Aerodynamic components for road going car
Audi TT, competing in Germany's DTM
There's little understanding of how or why aerodynamic aids work; people tend to bolt them on to feel the downforce placebo effect. We've already discussed the basics of drag, lift and flow, so in this part we'll talk about how several common aero aids work to make a car slick and stick.
For cutting-edge aerodynamics on production-based cars, look no further than Germany's DTM and Japan's Super GT cars. Both series have rules allowing significant use of aero aids (such as multi-element wings, diffusers, super-low side skirts, air dams, and splitters, canards and vortex generators) while keeping reasonably faithful to the cars' original lines.
These components combine to produce huge amounts of downforce, but there is a price for this amount of downforce. Drag. Redirecting the energy of the airflow to hold a car down creates more resistance for the car to push against. Sometime, if not optimized well this is just power kill.
The key is to produce just enough downforce to maximize the average speed around the track. Too much downforce and the increased drag will slow the car excessively, too little downforce will hurt cornering speeds. It usually takes huge amount of experimenting with wing settings and other components to find the sweet spot where performance is optimized.

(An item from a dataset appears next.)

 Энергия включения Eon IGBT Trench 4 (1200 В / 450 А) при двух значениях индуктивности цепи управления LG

By using some of the various aids below, you can properly tune the aerodynamic characteristics of your car not only for downforce, but also for cooling and stability. Some of these parts might be overkill in anything but competition, but all are readily available as bolt-on parts for most cars.

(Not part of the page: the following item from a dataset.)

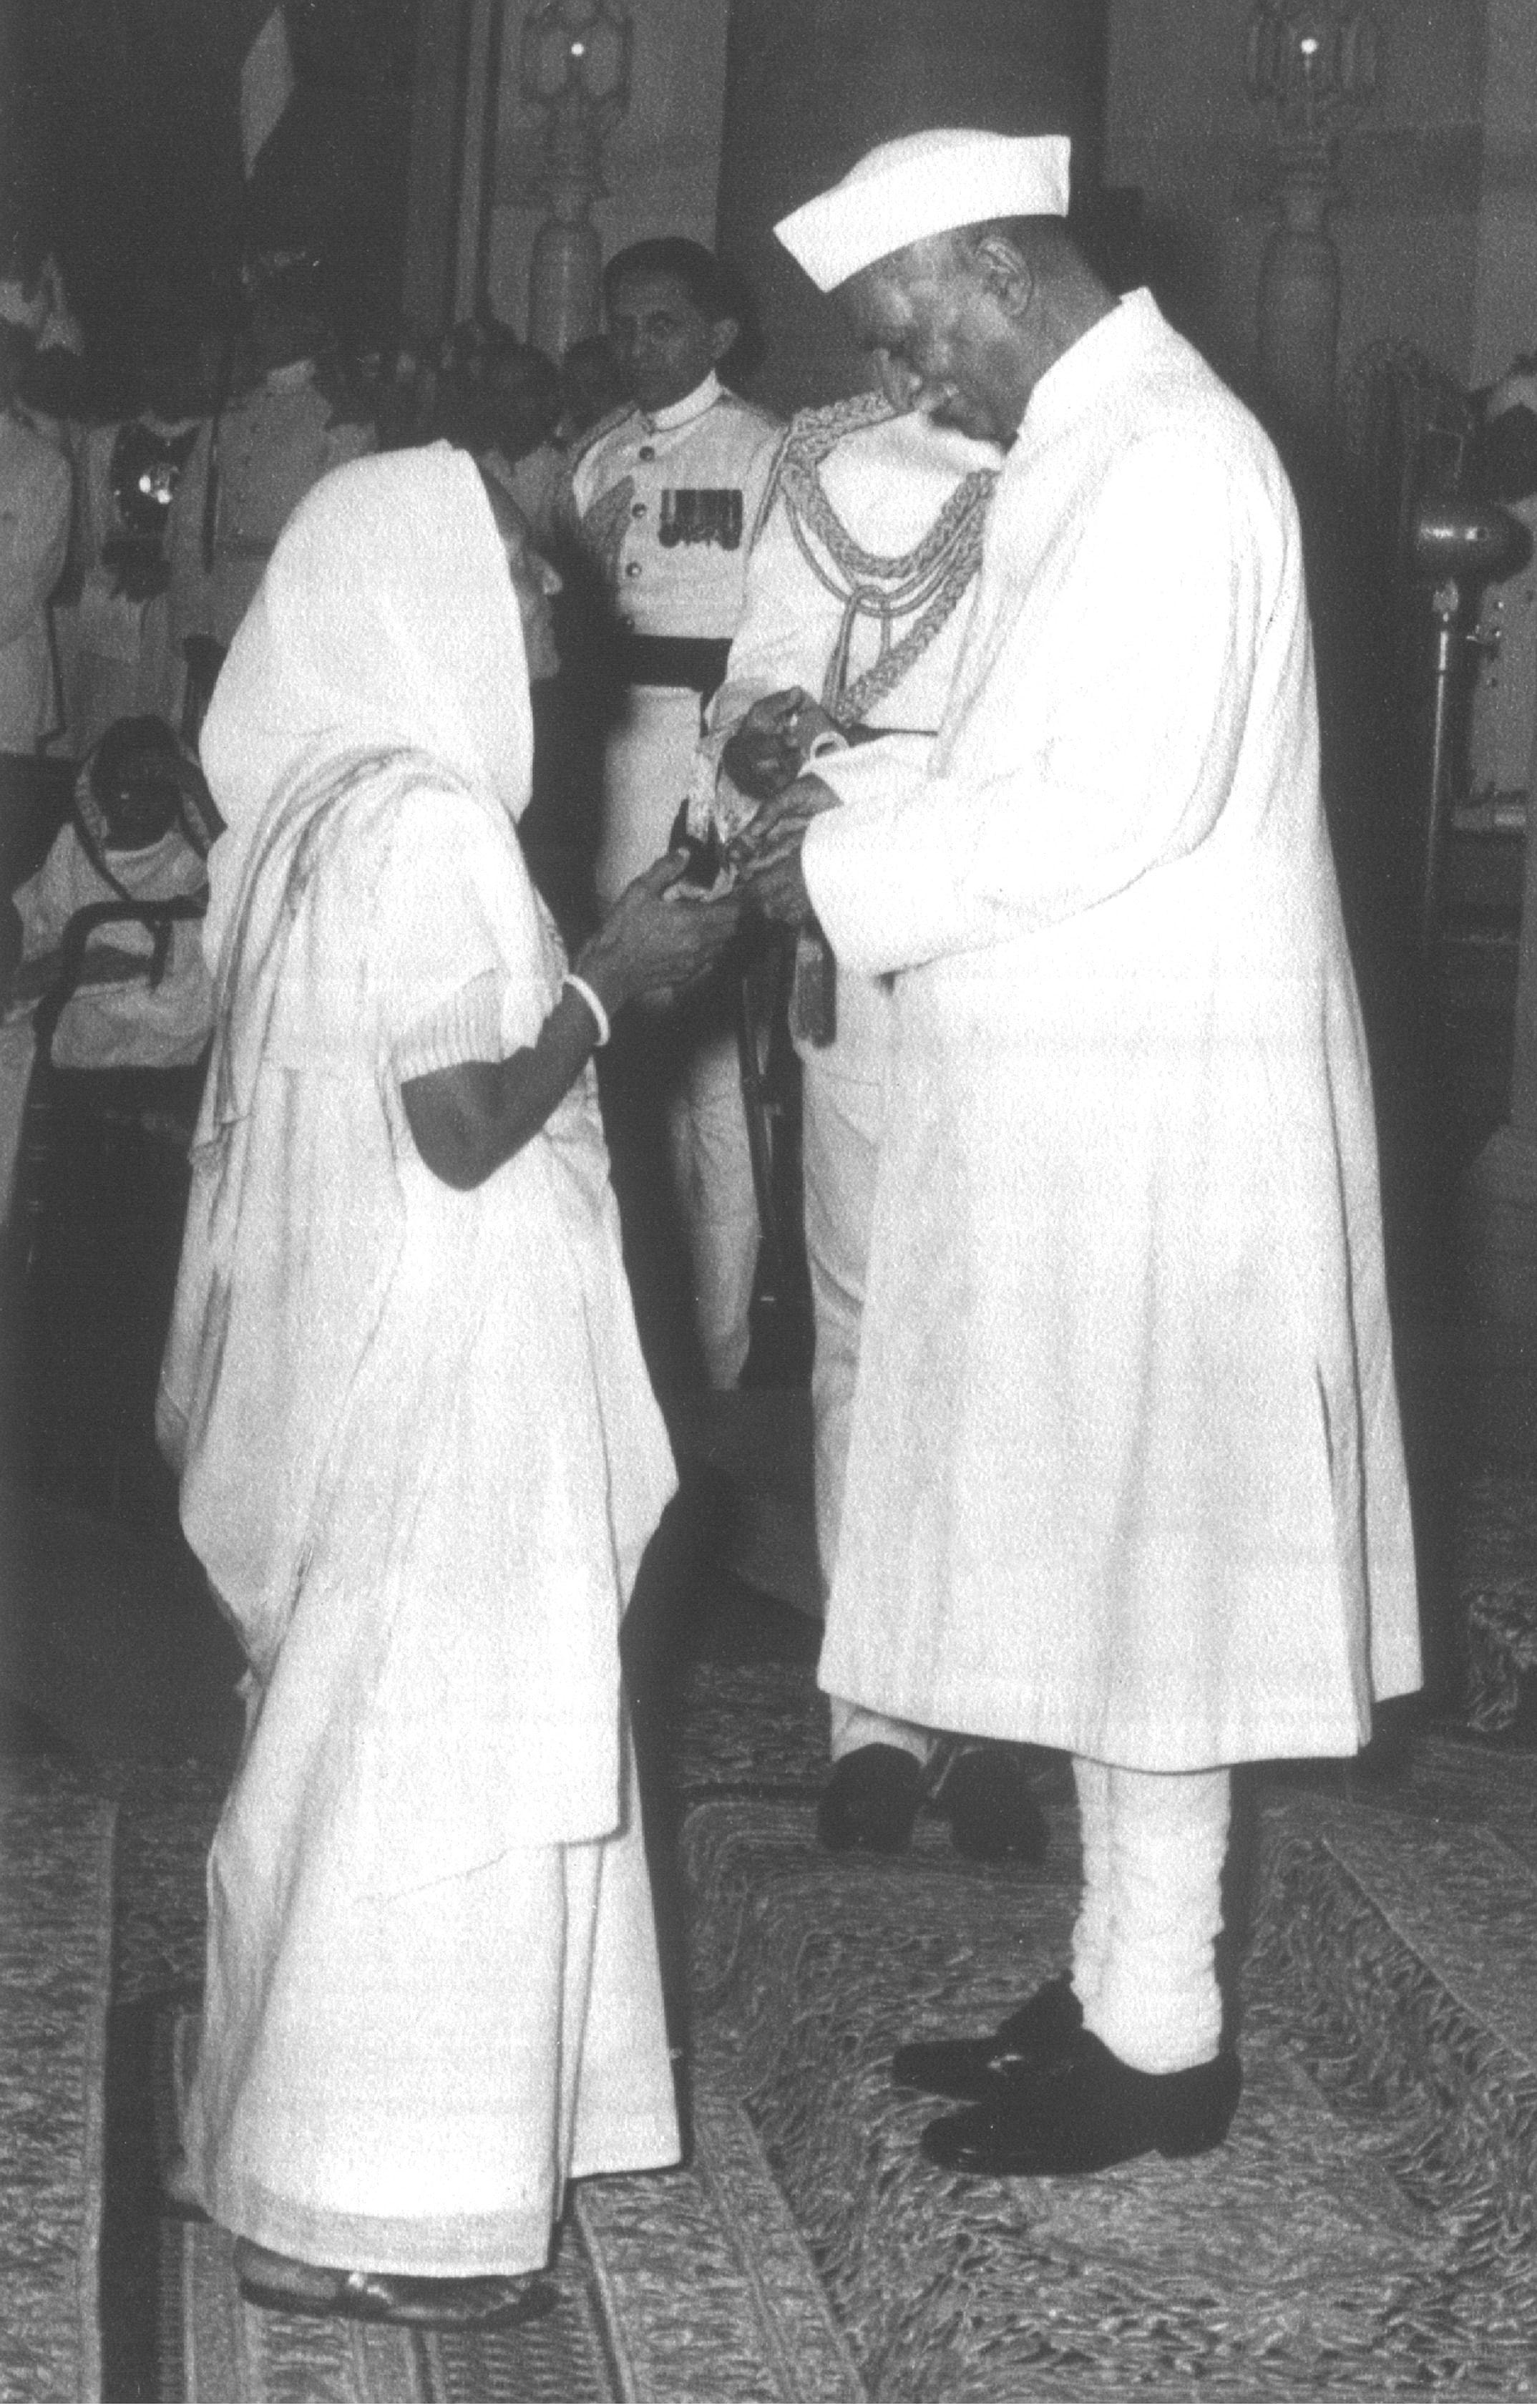 Smt. Jankideviji Bajaj receiving 'Padma Vibhushan', from President of India Dr. Rajendra Prasad.

Aerodynamic parts are as important as any other modification one would put on their car for a performance gain. Just like any other performance modification, aerodynamic components require fine tuning to enable the driver to get the most out of it. Let's take a look at some common vehicle layouts to see the benefit of each type of aero component.
Lip spoilers, front diffusers, splitters, side skirts and canards are all components that can be utilized to product downforce in front of the vehicle. These components are especially useful to the following vehicles.
Power output from Front-Engine/Front-Wheel Drive cars obviously comes from the front of the vehicle. At high speeds, vehicles tend to lift. This lifting effect reduces traction. To prevent the loss of traction, Front-Engine/Front-Wheel Drive cars can utilize components such as front splitters and front canards to give more downforce to the front of the vehicle allowing more power delivery to the ground from the engine.
Since the center of gravity of Mid-Engine/Rear-Wheel Drive cars is near the center of the car, Mid-Engine/Rear-Wheel Drive cars tend to be lighter in the front of the vehicle. This gives MR cars a tendency to oversteer or snap (quickly kicking the back out) easily. To balance this effect, the use of front aerodynamic components can provide more traction in the front of the car.
Rear wings, spoilers and diffusers are all components that can be utilized to product downforce in rear of the vehicle. These components are especially useful to the following vehicles.
Because vehicles are lighter in the rear, it is important to add more downforce in the rear to achieve more mechanical grip and aerodynamical balance. Rear wings and spoilers can do both of these effects.
The engine output from Front-Engine/Rear-Wheel Drive cars comes from the rear two wheels. To help delivery the output from the rear wheels, aerodynamic components such as rear wings and diffusers can help create downforce giving the rear wheels traction.
Any aerodynamic components require fine tuning, aero testing, and only then we can expect any gain. The shape and angle of any surface of a car is intended to produce downforce. If it is shaped incorrectly or angled wrongly it can create lift instead, and make car more unstable and more difficult to control. As you know from high performance cars and top racing, every components of the car must work together (aero upgrade, body, and undertray), otherwise results can be unpredictable. Other important point is manufacturing quality and used materials. You can't expect that aerodynamically loaded component, manufactured from low quality material withstand everyday torture. Can you imagine what will happen if on high speed, on well balanced car, suddenly left side canard or rear wing brake.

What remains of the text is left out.